Milliyetçiliğimi Gizlemedim
Milliyetçiliğinden rahatsız olanların çıkabileceğini belirten Feyzioğlu, “Hiçbir gün ben milliyetçiliğimi gizlemedim. Mustafa Kemal Atatürk'ün tanımladığı şekilde; herkesi kucaklayan mezhep, etnik, cinsiyet ve siyasi ideoloji ayrımı yapmaksızın bu vatana hizmet eden herkesi kucaklayan yapıcı bir milliyetçiliğe sahibim. Bugün Mustafa Kemal Atatürk'ün bu milliyetçilik anlayışı, bilimsel yayınlar tarafından Orta Doğu meselesinin çözümü olarak gösteriliyor. Türkiye aslında buna 100 yıl önce başlamıştı. Biz doğru anlamadık, doğru anlatamadık. Şekilci bir bakışla yaklaştık. Türkiye, Mustafa Kemal Atatürk'ü bir kez daha ve doğru bir şekilde keşfetti. Dayatma ile değil aşkla keşfetti. O kadar büyük bir önder ki, yaptıkları 100 sene sonra anlaşılıyor ve hala bize ışık tutuyor. Türkiye Cumhuriyeti'nin kuruluş felsefesine sahip çıkmamız lazım” şeklinde konuştu.
Sanatçılara Çağrı
Türkiye Cumhuriyeti'ni dünyanın zirvesine el birliği ile taşımak zorunda olduklarını vurgulayan Feyzioğlu, "Özgürlükte, demokraside, sanatta ve sporda en ileride olmak zorundayız. Ben dünya çapındaki sanatçılarımızın, şu an Avrupa ve ABD'de de; PKK, FETÖ, DHKP-C kara propagandasına karşın Türkiye'nin haklı sesini duyurmasını bekliyorum. Bu dünyaya daha çok açılarak olur. Devletimizin bu sanatçıları desteklemesi ile olur. Siyasi görüşleri bir tarafa bırakarak milli meseleler üzerine kilitlenmemiz gerekiyor. Bu sanatçılarımız dünyanın çeşitli yerlerinde verdikleri konserlerin sonrasında birkaç cümle ile Türkiye'nin haklılığını anlatmaları gerekir.” dedi.

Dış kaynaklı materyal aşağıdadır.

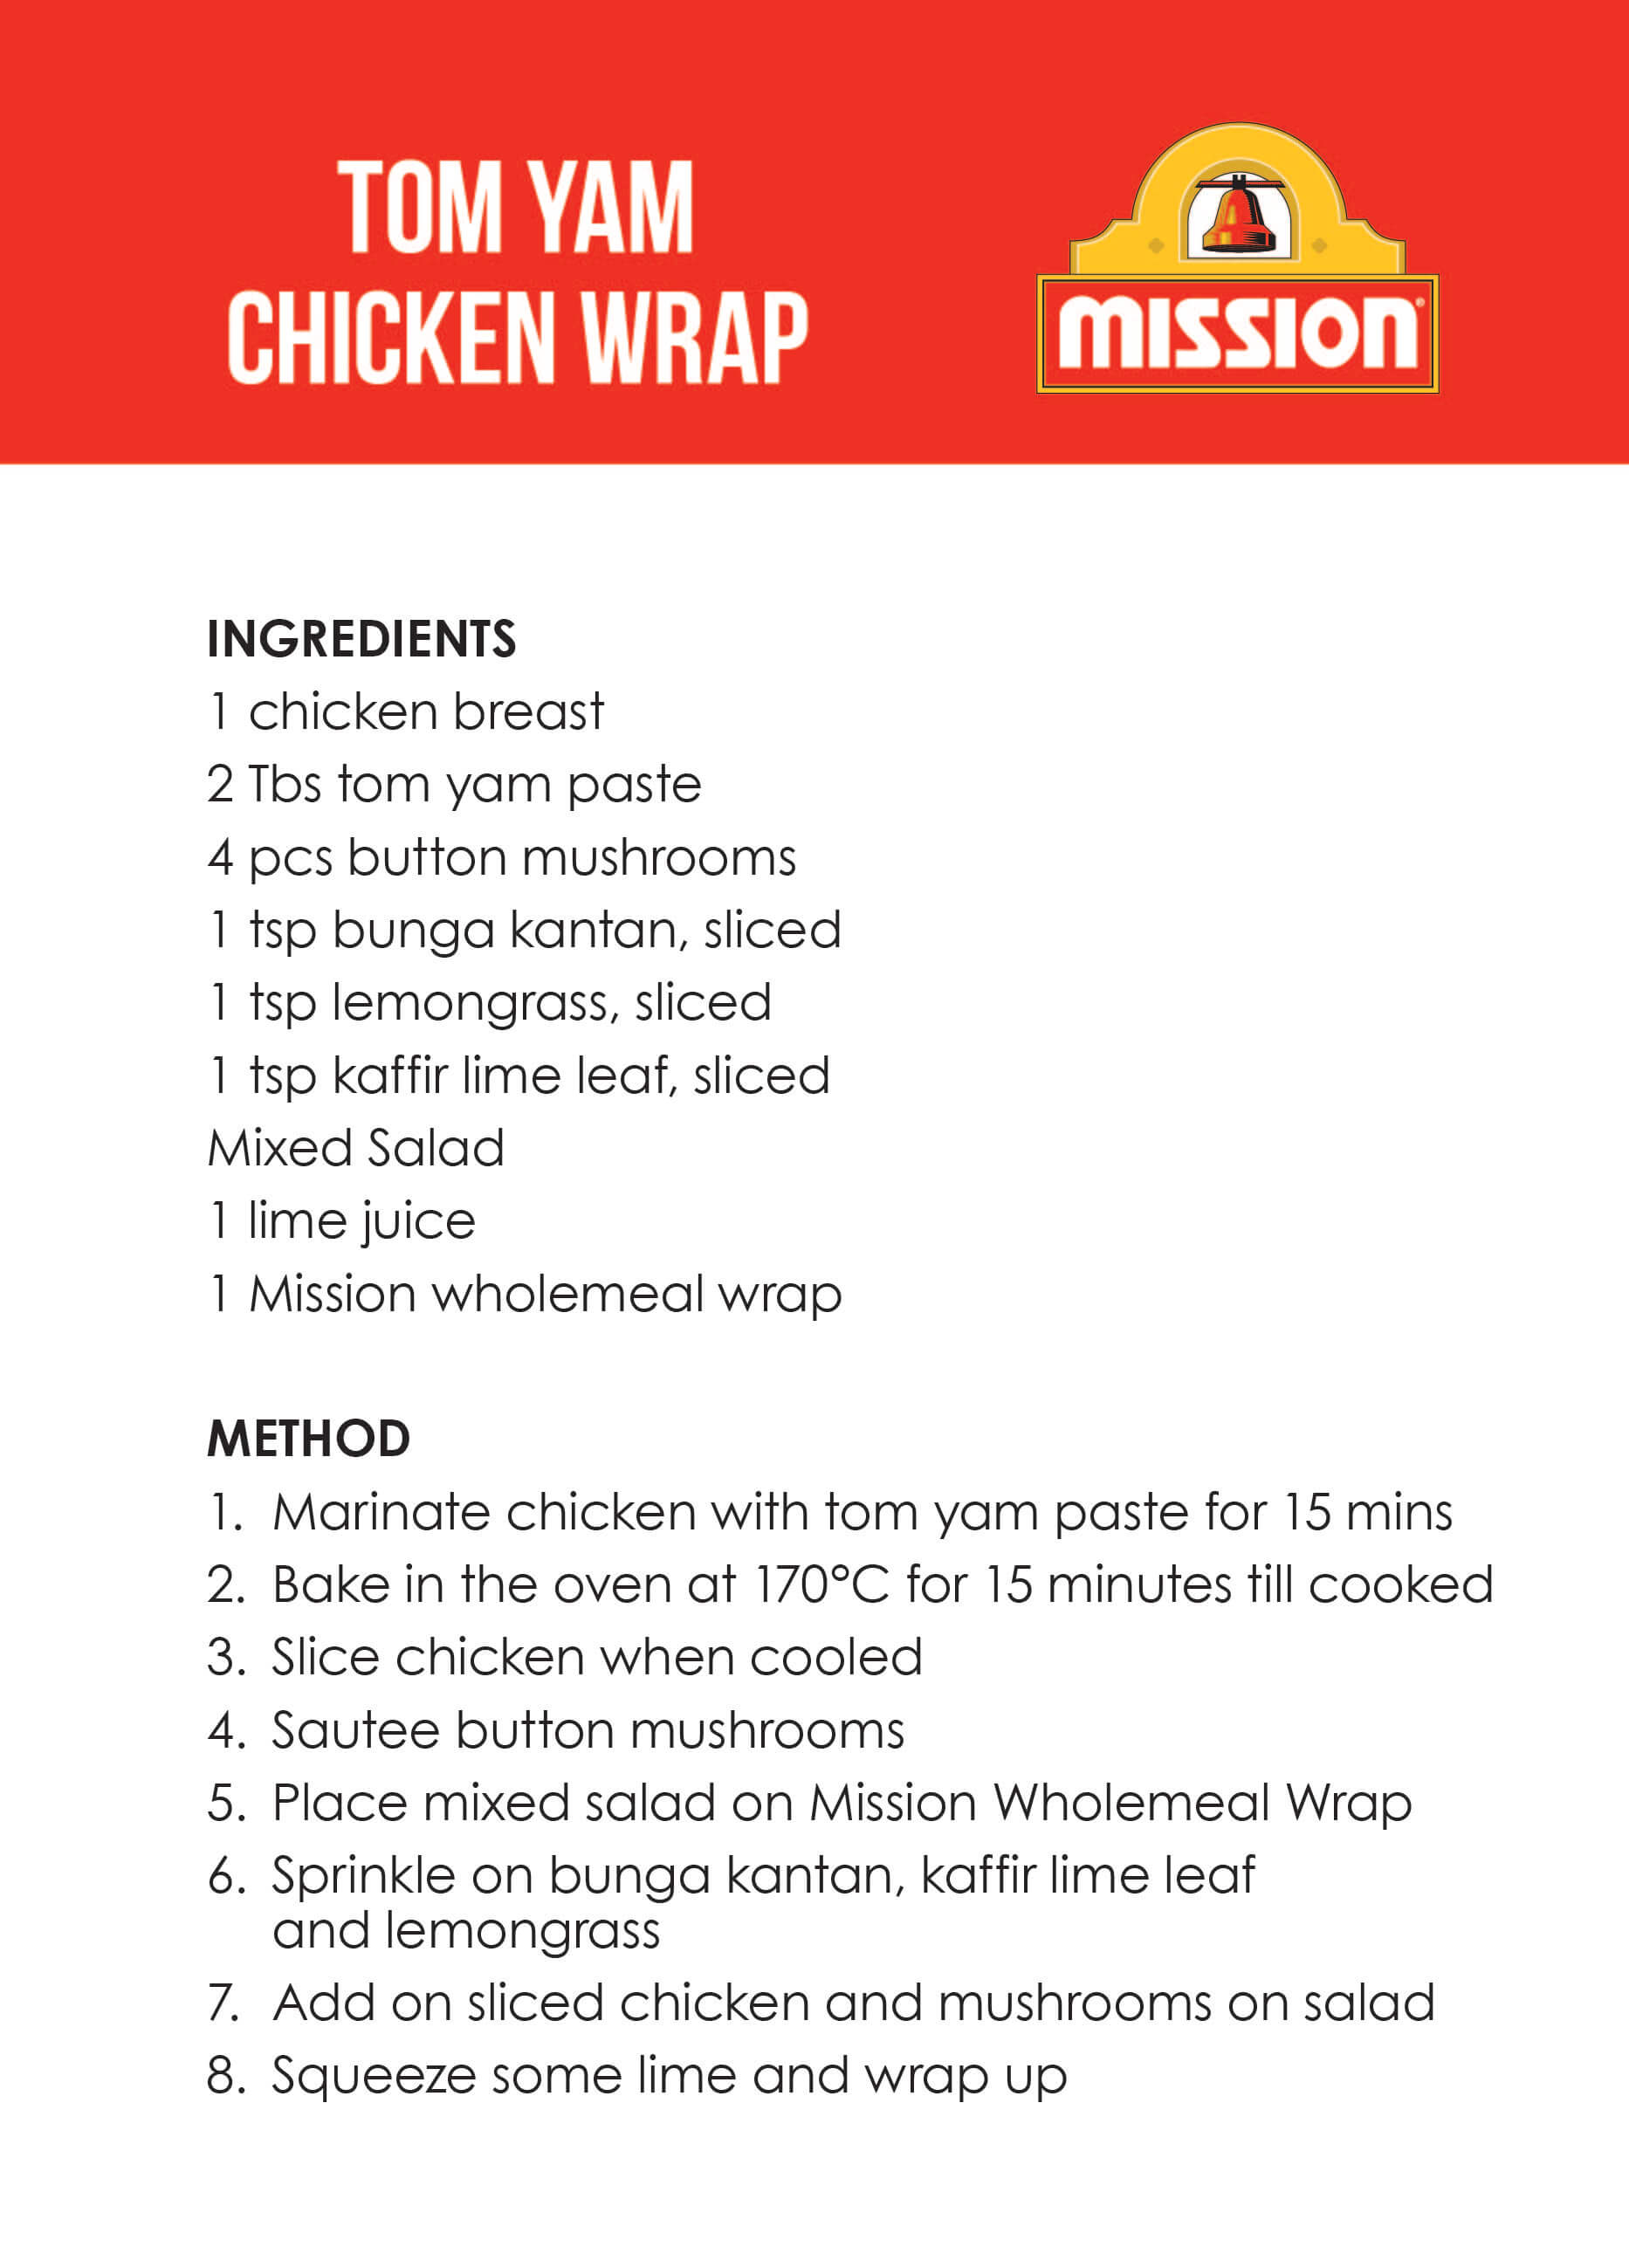 One of the recipes using Mission wraps

‘Suç duyuruları bizim için madalya gibidir’
Cumhurbaşkanı Recep Tayyip Erdoğan’ın ABD'de yaptığı görüşmeleri de değerlendiren Feyzioğlu, “Yapılan görüşmenin olumlu geçtiği görünüyor. Bizim unuttuğumuz nokta ise kamu diplomasisidir. PKK, FETÖ, DHKP-C artık bunlar birlikte çalışıyor. Yaptıkları kara propagandalar ile uluslararası sivil toplum örgütlerini pençelerine almış durumdalar. Türkiye'ye karşı inanılmaz bir kara propaganda yürütüyorlar. Sadece ABD Başkanına ya da kongre üyelerine haklı davamızı anlatan kitap vermek, görüntü izletmek yeterli olmuyor. Onları sıkıştıracak olan halk kitleleridir. O kitleleri yanımıza almak için çalışmak zorundayız. Biz bunlara cevap veriyoruz. Zaten bunlara cevap verdiğimiz için hedefe koyuluyoruz. Bana 'niye Akçakale'ye gittin' diyorlar. Nasıl gitmeyeyim? Neden gitmeyeyim? ‘Gazetecilerimiz orada terör örgütünün hedefi olurken hangimiz orada olmak istemedik’, diye soruyorum. Ben de orada olmak istedim. Dünyaya bunu göstermek için makam odamdan yapacağım açıklama yetmiyordu. 'Türk Silahlı Kuvvetli dünyanın en şerefli ordusudur ve Türk askeri dünyanın en ahlaklı askeridir. Tek bir sivile zarar vermez. Onun yerine şehit olmayı göze alır' dedim. Bu sözlerimden dolayı bir siyasi parti benim hakkımda suç duyurusunda bulundu. Sözleri çarpıtarak değil, yeni baştan demediğim sözlerle suç duyurusunda bulundu. Bu suç duyuruları bizim için madalya gibidir” dedi.